_Material provided_
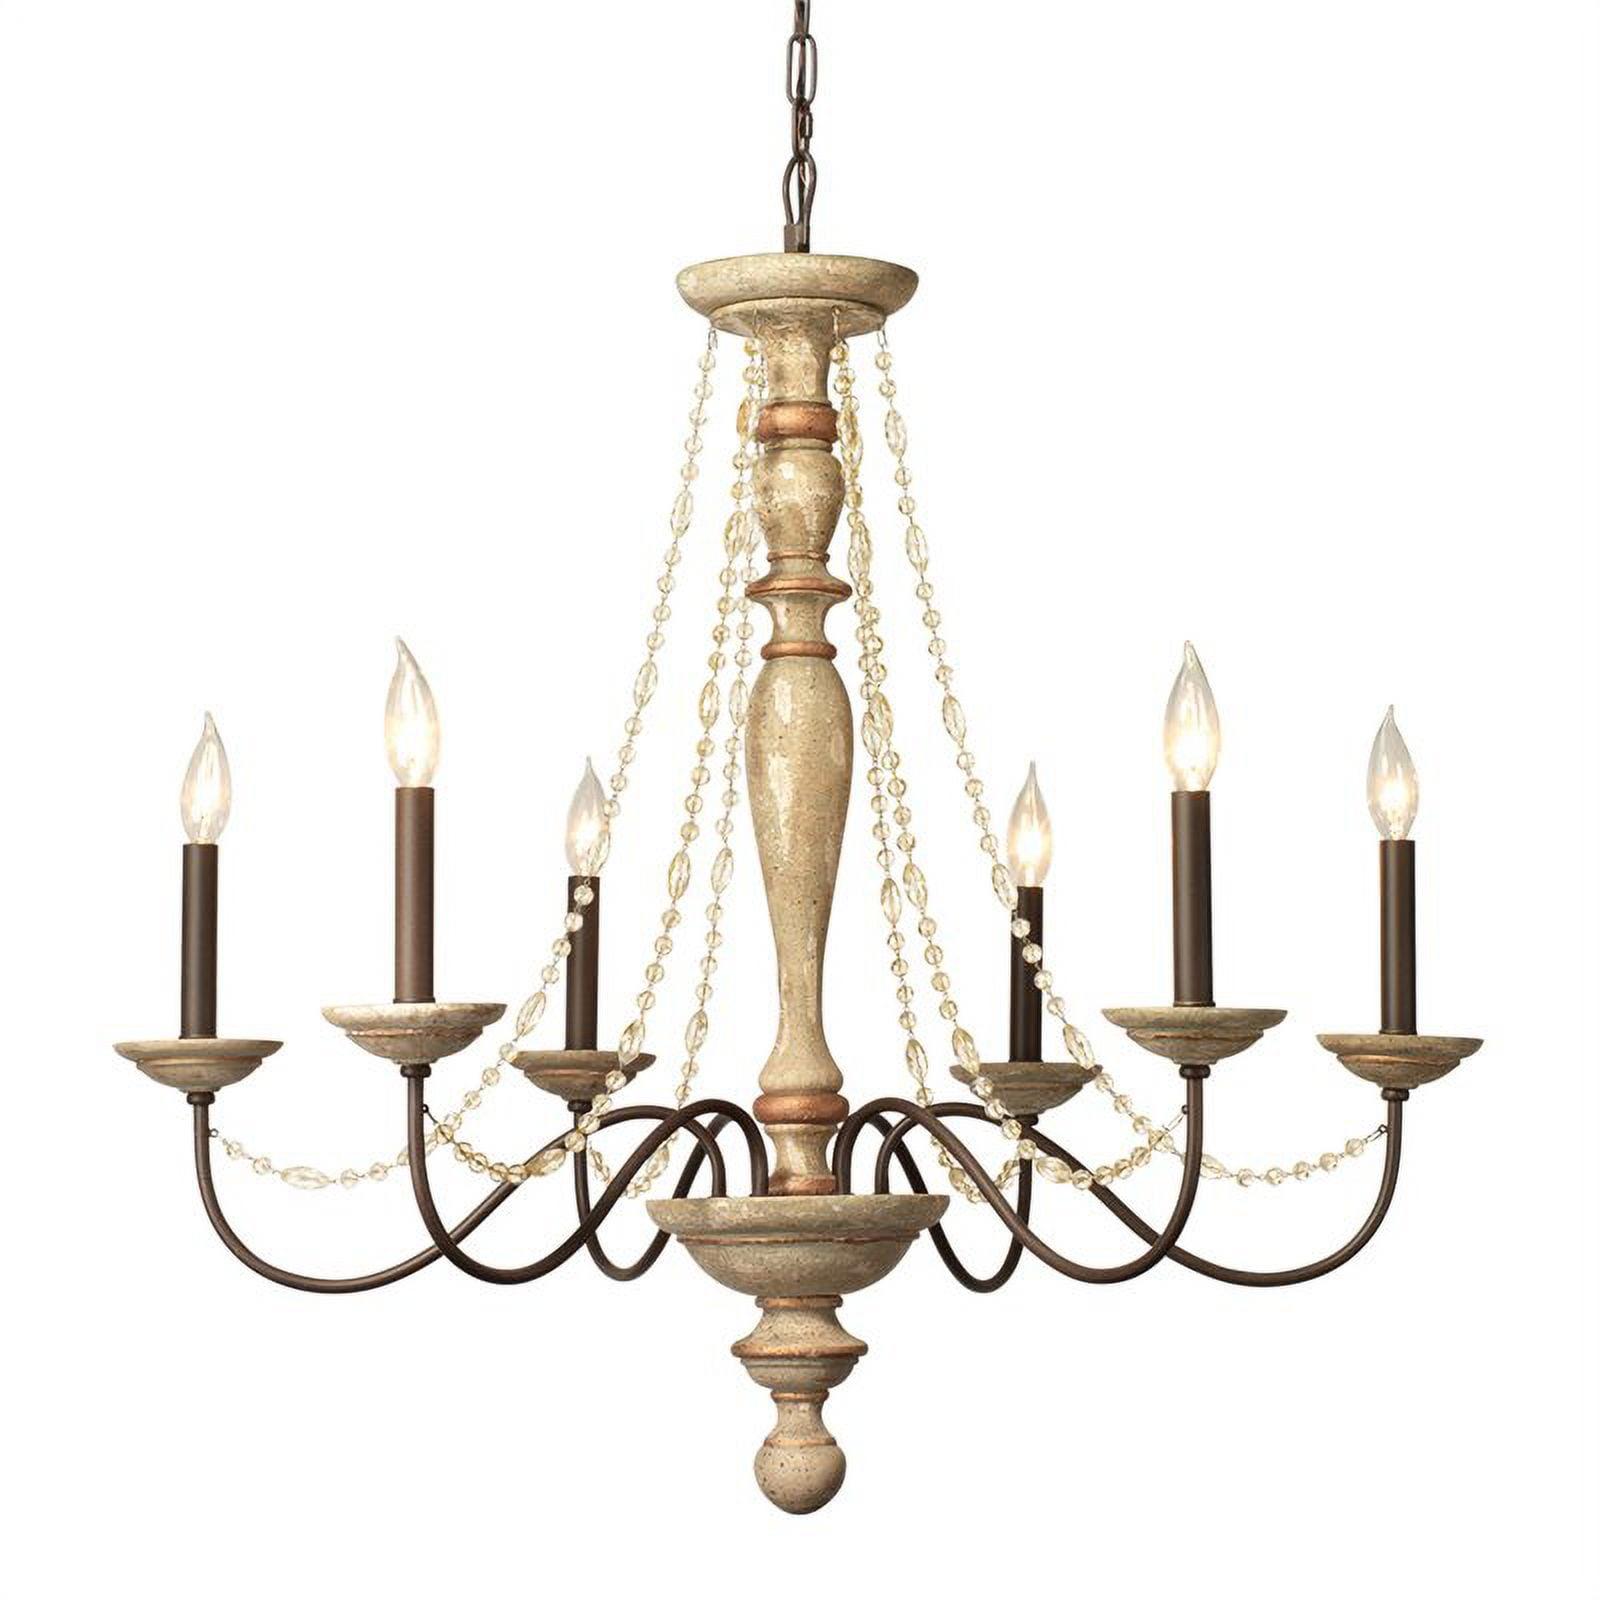 Eden Home Transitional Wood Glamourous and Elegant Chandelier in White
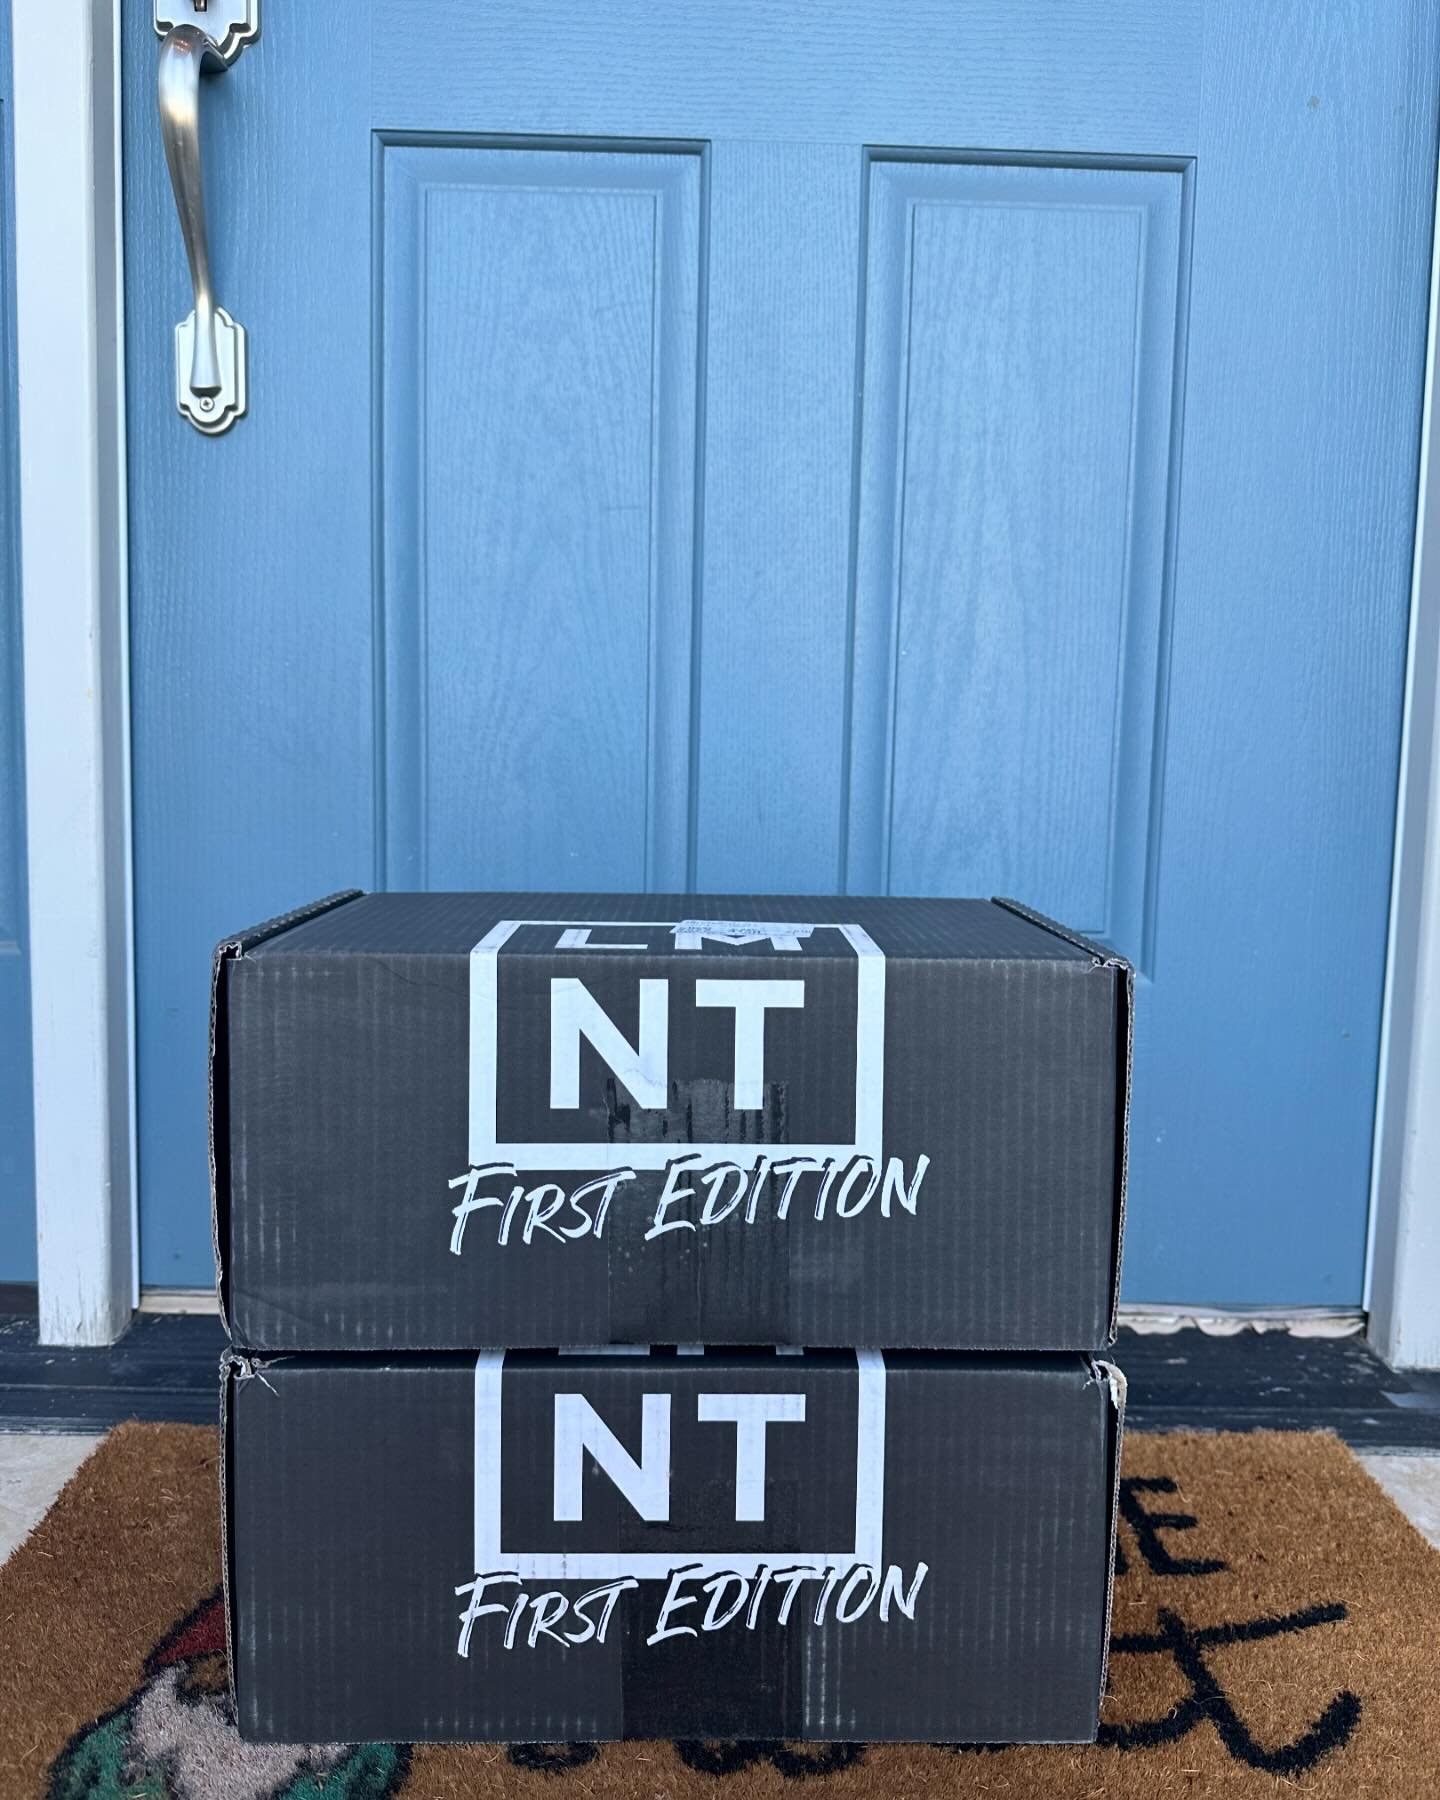 We had the BEST SURPRISE DELIVERY today. We cannot wait to share these with all of you! 🤤 Coming soon! #StaySalty @drinklmnt
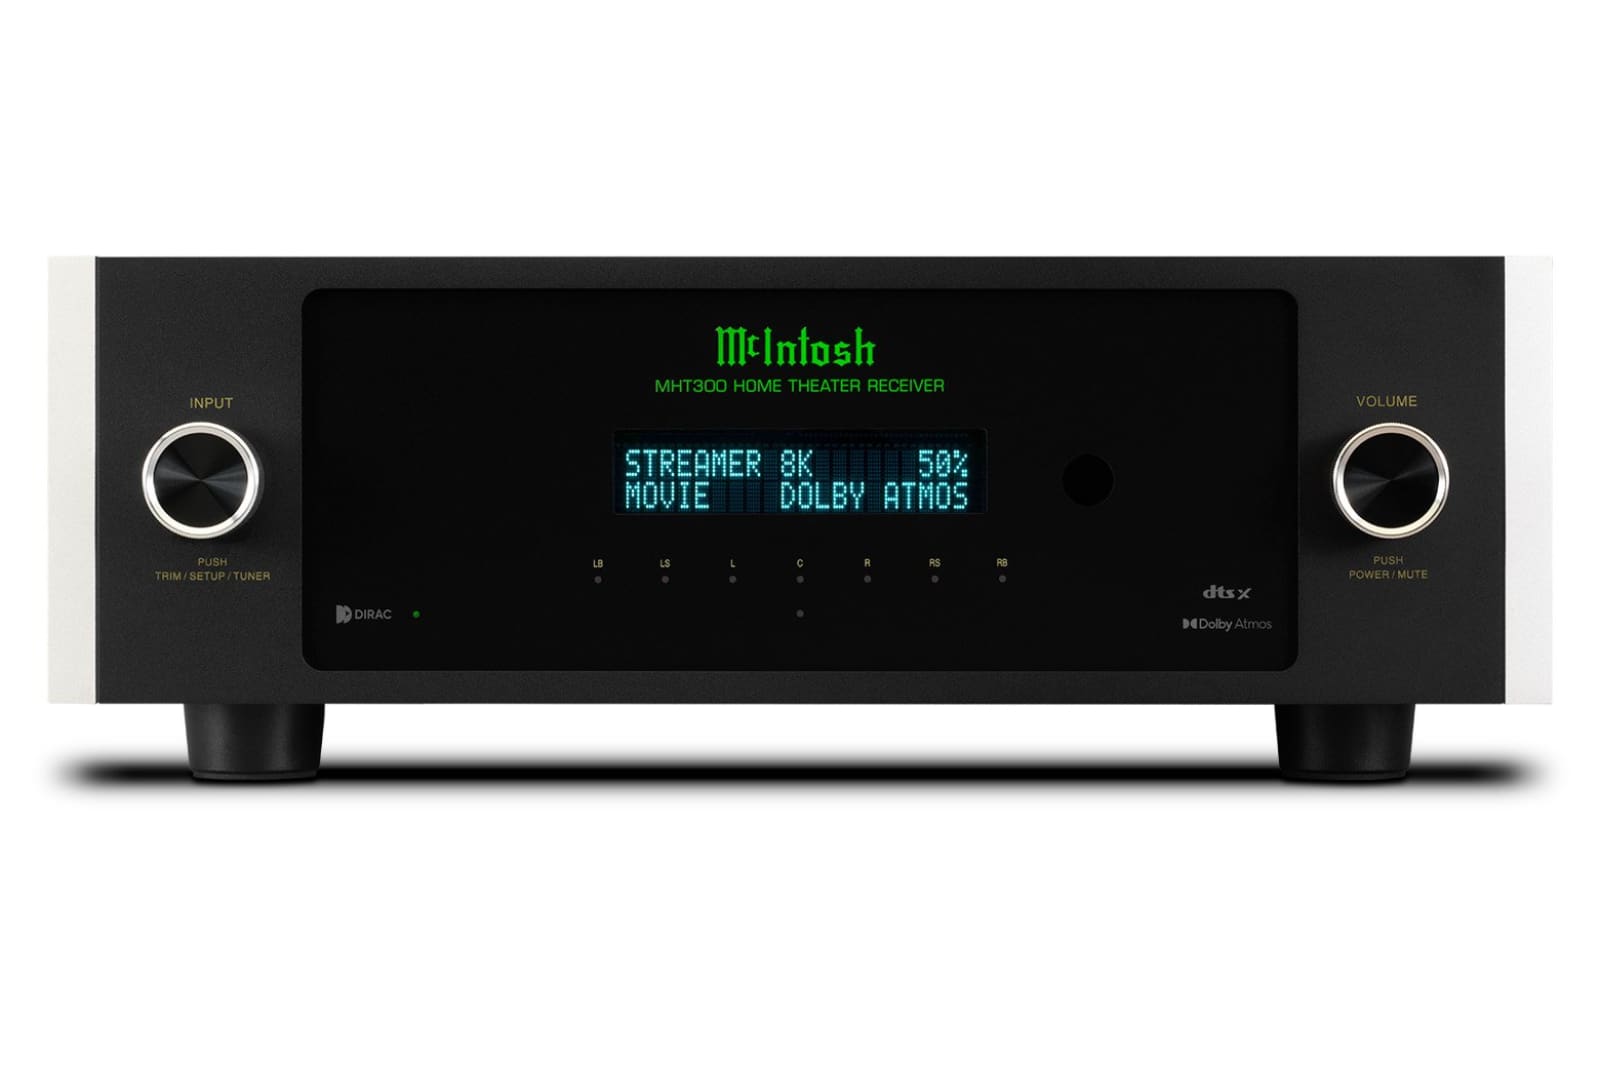 Mcintosh Mht300 Home Theater Receiver - Pre-Order Now Integrated Amplifier

_Exercise aim_
An exact copy of the material above is required, free of any pictures.

_Response to this exercise_
 Eden Home Transitional Wood Glamourous and Elegant Chandelier in White
 We had the BEST SURPRISE DELIVERY today. We cannot wait to share these with all of you! 🤤 Coming soon! #StaySalty @drinklmnt
 Mcintosh Mht300 Home Theater Receiver - Pre-Order Now Integrated Amplifier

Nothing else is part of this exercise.